Я старался вспомнить себя в минуты ожидания опасности. Кто знает, может, Констанс и права со своей ясной логикой борца. Действительно, если б товарищи по лагерю понимали, что я испытываю, они бы меня отстранили, и все. Наверное, я невольно вел себя, как все, подстраивался к ним… Наверное…
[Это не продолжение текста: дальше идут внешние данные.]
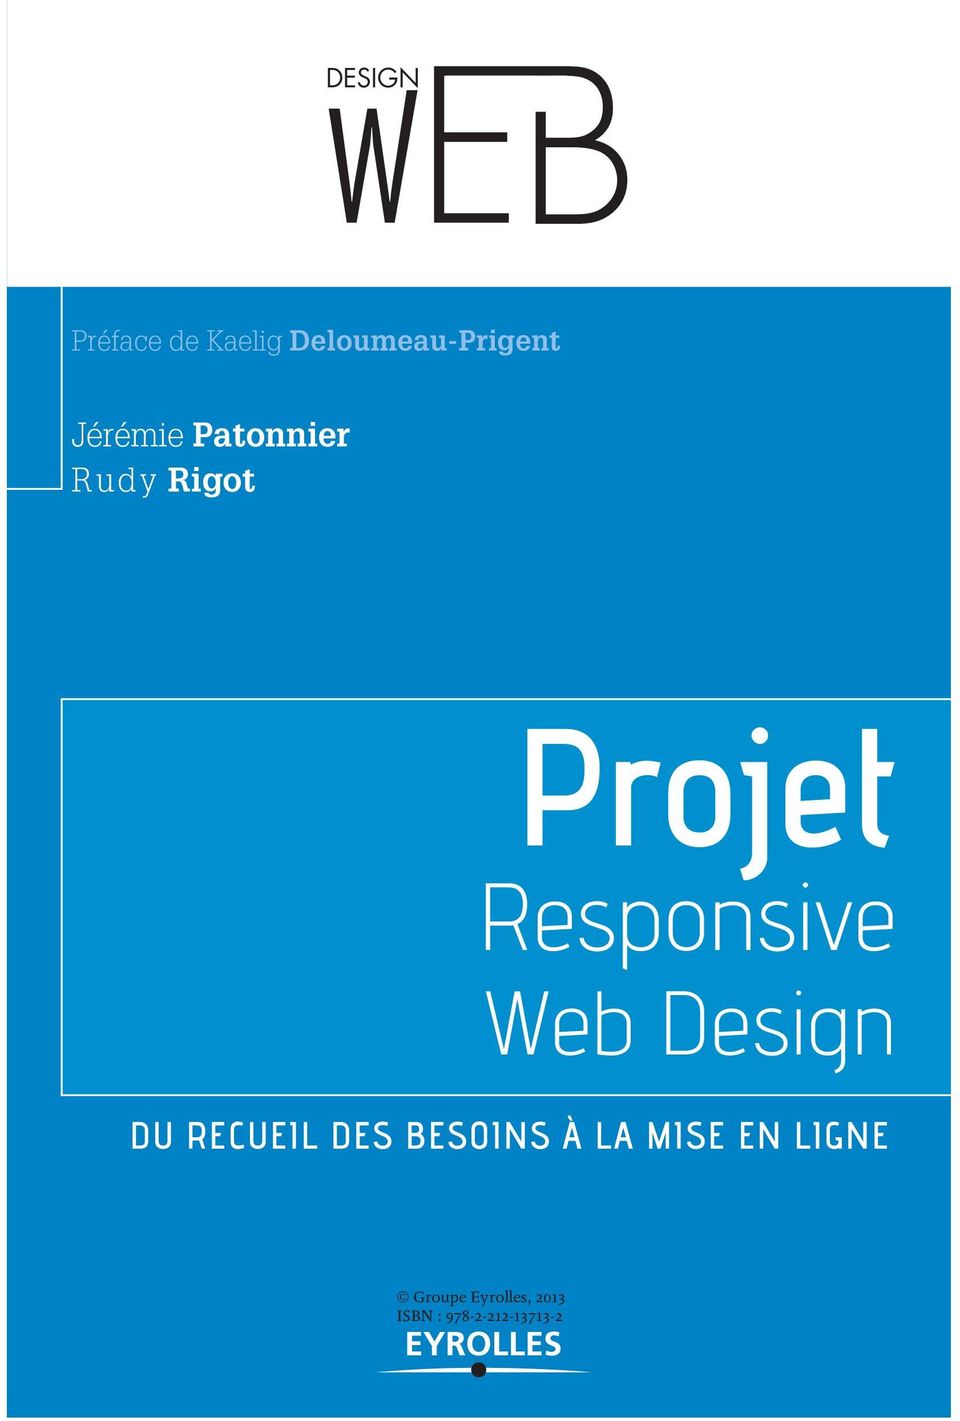 Web Design DU RECUEIL DES BESOINS À LA MISE EN

В конце концов я перестал спорить с Констанс. Какой в этом был смысл? Я даже перестал понимать, кто из нас прав. Мне казалось, что герой — это тот, кто идет к цели, несмотря на все препятствия, ясно видит эту цель, считает ее главной в жизни. А я? У меня была другая цель, чем у них, — поскорее вернуться домой, увидеть Валери, работать, жить… И вот я вернулся. Чем я занимаюсь? Личными проблемами, и они меня больше всего интересуют, так уж я устроен. Теперь, когда у меня есть Констанс, когда начала затихать тоска по Валери, я буду с удовольствием работать. Меня многое интересует в науке. Но политика? Боже мой, ведь я в ней по-прежнему ни черта не понимаю! Я знаю лишь одно: что я до безумия боюсь новой войны, а она опять угрожает миру. Я с удивлением и завистью гляжу на многих моих товарищей по лагерю — они так и рвутся еще подраться. Ну, вот они и есть настоящие мужчины… А я… что ж, прав Робер, у меня в характере слишком много женских черт. Не могу же я себя переделать!
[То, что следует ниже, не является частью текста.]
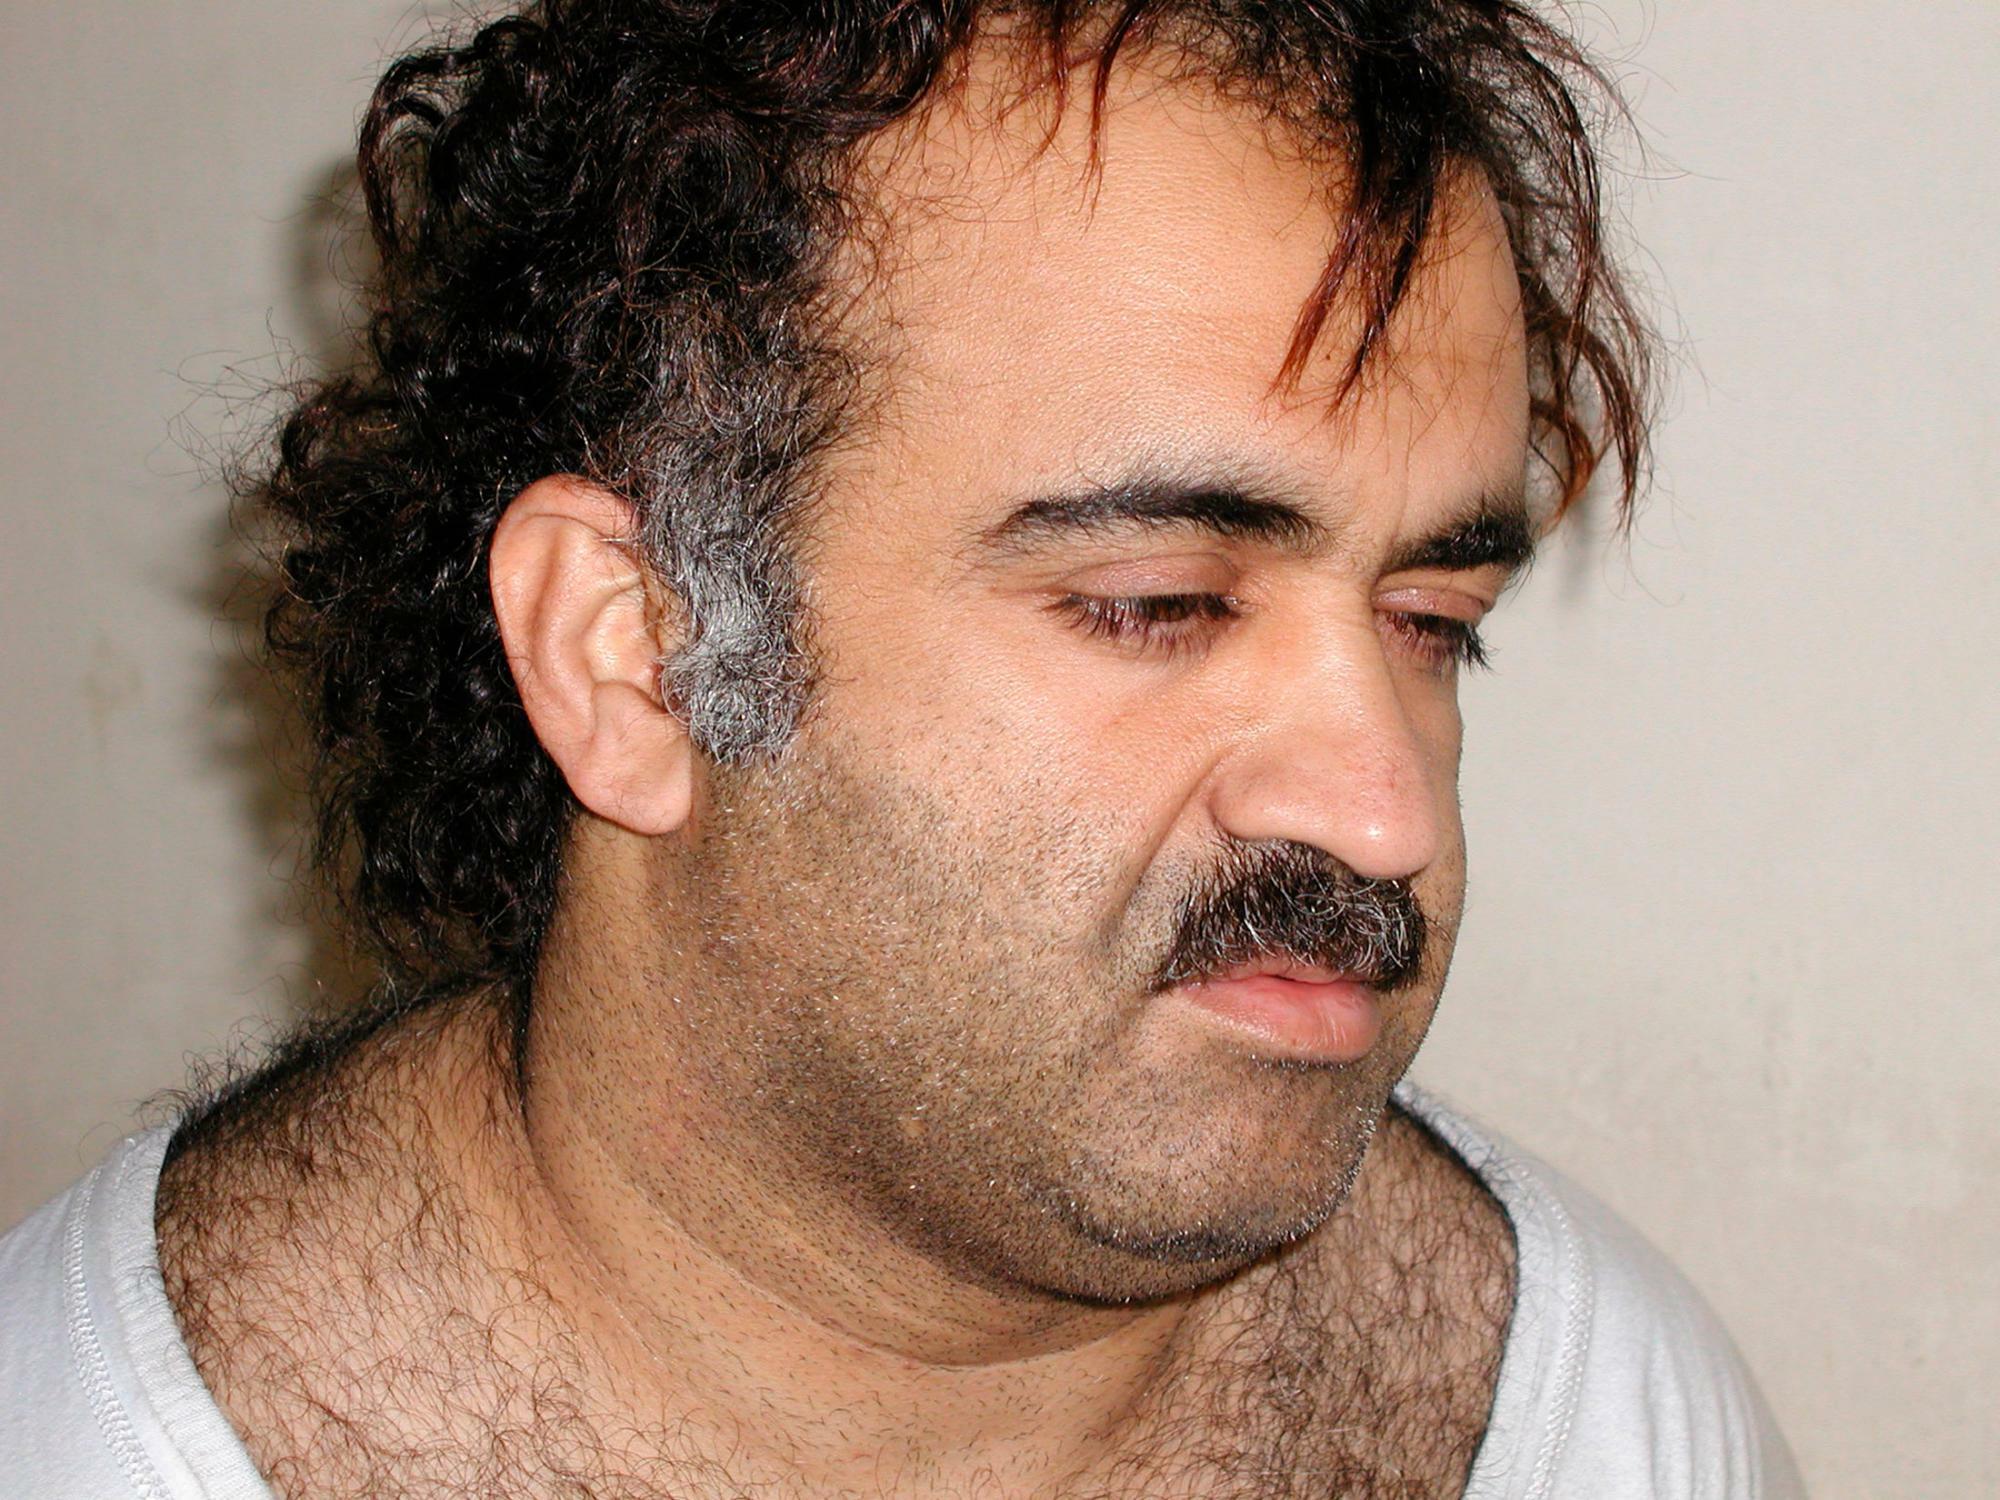 パキスタンで拘束当時（2003年）のふくよかだったモハメド被告。現在はやせ細りオレンジ色の髭がトレードマーク。パキスタン出身、4月14日で59歳になった。

«О чем он думает? Констанс… лагерь… пытки… Констанс… Валери… почему-то лаборатория… сцена митинга… лица Марселя и Симона… Я не могу поймать ход его рассуждений…»
— О чем ты думаешь? — спрашивает Робер, появляясь на пороге библиотеки с подносом в руках. — Констанс прислала тебе кофе, давай выпьем.
Мне вдруг становится почему-то жутко. Кофе, он сказал? А когда я ел и пил в последний раз? Когда вообще кто-нибудь из нас ел, вот за эту неделю? Почему я не могу вспомнить ни одного обеда, ужина, завтрака? Почему?
— А мы сегодня разве обедали? — неуверенно спрашиваю я Робера.
Он ставит поднос с чашками и кофейником на низенький журнальный столик, садится рядом со мной на диван, берет мои руки в свои большие теплые ладони и смотрит мне прямо в глаза. Я отвожу взгляд.
— Конечно, обедали, чудак! — убедительно говорит он. — Разве ты не помнишь? Констанс приготовила чудесное рагу, даже не скажешь, что оно из консервированной говядины. И компот из клубники. Как же это ты забыл, а?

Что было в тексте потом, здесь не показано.